Mamma e figlia avvelenate, rivelazione choc del medico che ha cercato di rianimarle

Una settimana di mistero e angoscia si è conclusa con una drammatica svolta nelle indagini sulla morte di Sara Di Vita, 15 anni, e della madre Antonella Di Ielsi, avvenute tra il 27 e il 28 dicembre a Campobasso. Inizialmente considerata una possibile intossicazione alimentare, la vicenda ha preso una piega inaspettata quando gli esami tossicologici hanno rivelato la presenza di ricina, una delle sostanze più rare e letali al mondo.

Un decorso clinico fulmineo e sconcertante

A descrivere quegli attimi di pura lotta contro il tempo è Vincenzo Cuzzone, primario della Rianimazione dell’ospedale Cardarelli di Campobasso.
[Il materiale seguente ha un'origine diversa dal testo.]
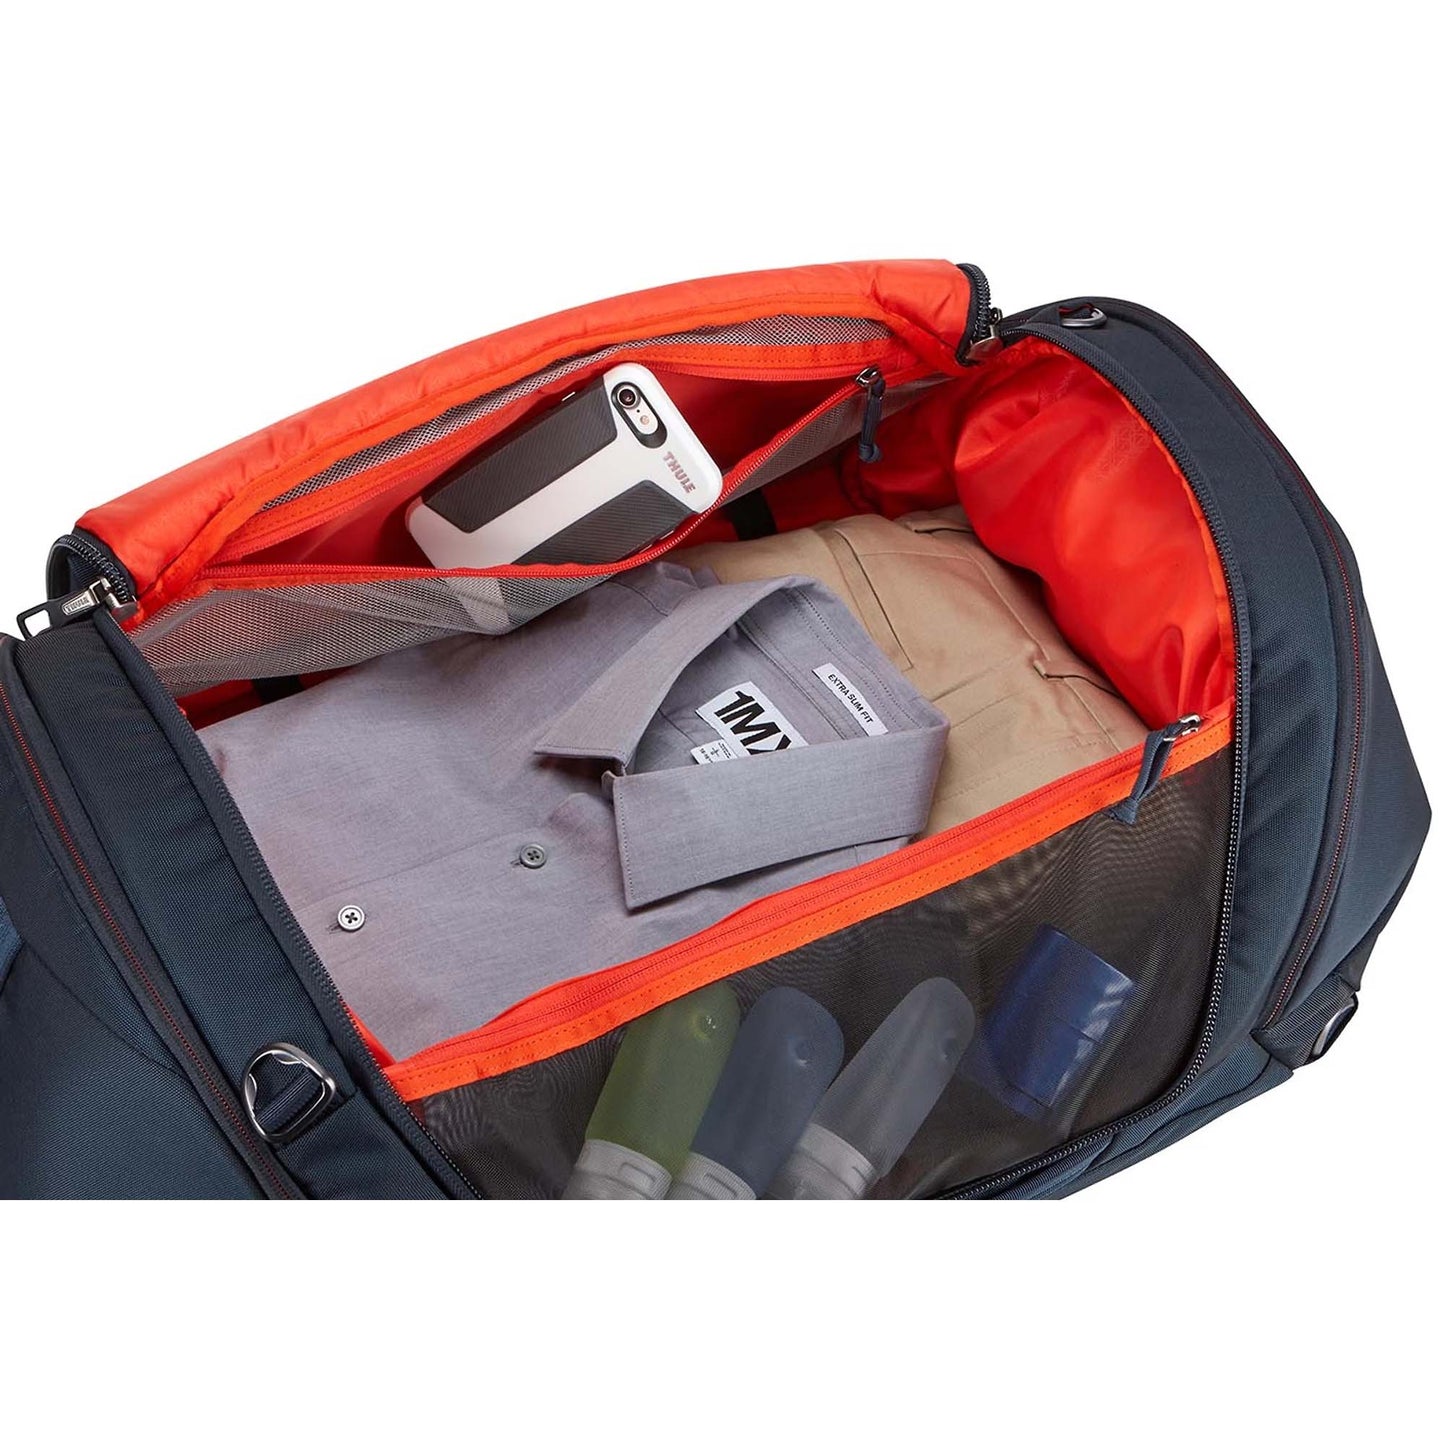 Thule Subterra Duffel 60L with Padded Shoulder Straps - Mineral (Barcode: 0085854240178 )

Il suo racconto rivela un quadro clinico che si è sviluppato in modo rapido e imprevedibile, con insufficienza multiorgano che non rispondeva alle cure e un peggioramento che sfuggiva a qualsiasi schema conosciuto.

“Il decorso clinico della ragazza è stato troppo rapido, anomalo, e la somiglianza tra madre e figlia era sconvolgente”, spiega Cuzzone. La sensazione di impotenza si fa strada tra i medici, che si sono trovati a combattere contro un nemico invisibile, senza un antidoto specifico.

La terribile scoperta e il pericolo della ricina

La rivelazione che ha cambiato il corso delle indagini ha portato alla luce la presenza di ricina nel sangue delle vittime. La ricina è una sostanza altamente tossica, capace di provocare la morte anche in quantità infinitesimali. La sua pericolosità deriva dal fatto che non esiste un antidoto efficace, e i tentativi di rianimazione si rivelano spesso inutili quando il veleno ha già fatto effetto.

“Può essere fatale in poche ore e senza un antidoto immediato”, sottolinea il primario. La rapidità della sua azione e la difficoltà nel contrastarla rendono la ricina uno dei veleni più temuti al mondo.

Indagini in corso e misure di sicurezza

Mentre la comunità di Campobasso si stringe nel dolore, le autorità continuano a lavorare con cautela e determinazione. Il padre di Sara e Antonella, unico superstite della tragedia, è stato trasferito allo Spallanzani di Roma, in osservazione e sotto stretta sorveglianza. Le indagini mirano a chiarire come il veleno sia arrivato nelle loro mani e se ci siano responsabilità di terzi o elementi di natura accidentale.

Il caso ha acceso un dibattito sulla sicurezza delle sostanze tossiche e sulla necessità di controlli più stringenti. La storia, ancora aperta, rappresenta un campanello d’allarme sulla presenza di agenti tossici così potenti e sulla fragilità delle certezze mediche di fronte a minacce rare e imprevedibili.

Un monito e una sfida per la società

Il dramma di Campobasso ci ricorda quanto sia importante mantenere alta l’attenzione su sostanze pericolose e sulla prevenzione. La vicenda delle due donne ci invita a riflettere sulla vulnerabilità umana di fronte a minacce invisibili, e sulla necessità di fare luce su casi così inquietanti per garantire giustizia e sicurezza.

Le indagini continueranno nelle prossime settimane, ma una cosa è certa: questa tragica vicenda lascerà un segno profondo nella comunità e nel cuore di chi ha seguito con angoscia ogni sviluppo.